I've long felt that Yeung Gor had a slightly effeminate personality...not in the same sense that a Qwai Fa Bo Deen practitioner would be effeminate. Yeung Gor was no she-male, but he had a, shall we say, unusually feminine-leaning worldview for a man of wulin.
I attribute this personality trait of Yeung Gor's to the fact that he generally grew up under the care of women. Father figures were either unavailable or defective in one way or another. Yeung Hong died before Yeung Gor was born. West Poison Au Yeung Fung's association with Yeung Gor was brief and besides, the man was out of his mind. Gwok Jing *could* have been that father figure, but there were too many underlying problems (i.e. Gwok's connection to Yeung Hong's death, Wong Yung, Gwok Fu, etc.). Chiu Tze Ging was terrible in every way.

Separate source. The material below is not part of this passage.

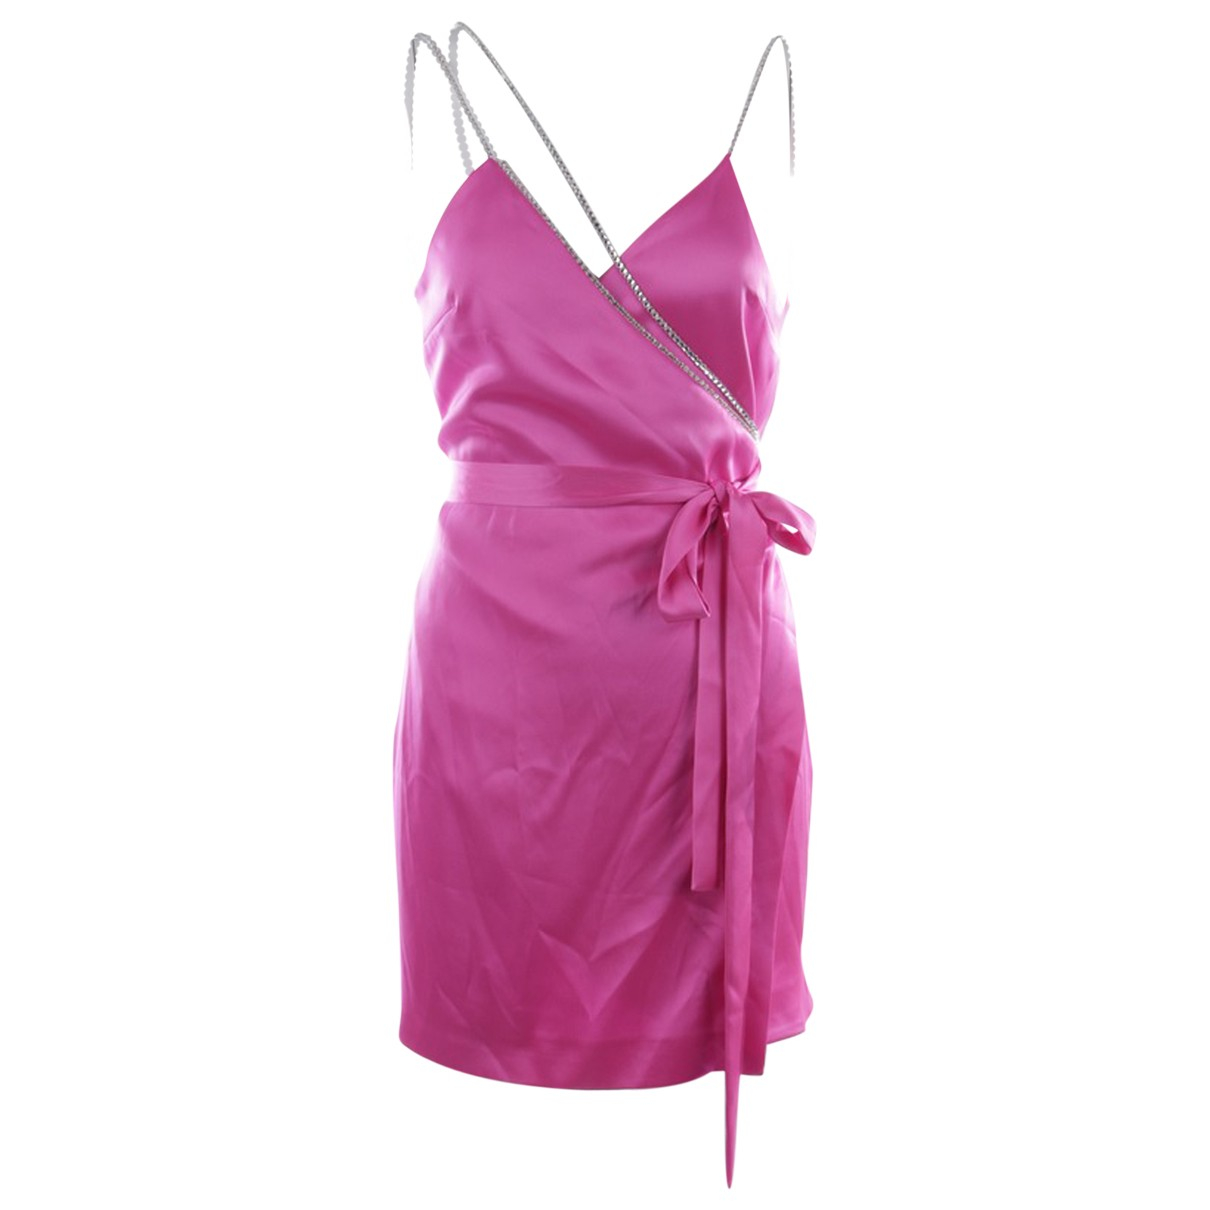 Vestido de Cuero David Koma

Yeung Gor lived with his mother, Muk Lim Chi, until he was around ten or so. From there, it was several years on the streets, six months or so with the Gwoks, and another few months at the Cheun Jen Sect. After being adopted by Granny Sheun and Little Dragon Girl, he found the stability he had yearned for.
Thus raised almost entirely by women, Yeung Gor developed a feminine worldview. It would influence his personality development well into adulthood.
But what if Yeung Gor had, like Gwok Jing, grown up in the ultra alpha masculine milieu of the Mongolian warriors? If Yeung Gor had grown up on the steppes as Gwok Jing did, hunting and engaging in war with other men regularly, what kind of man would he have developed into?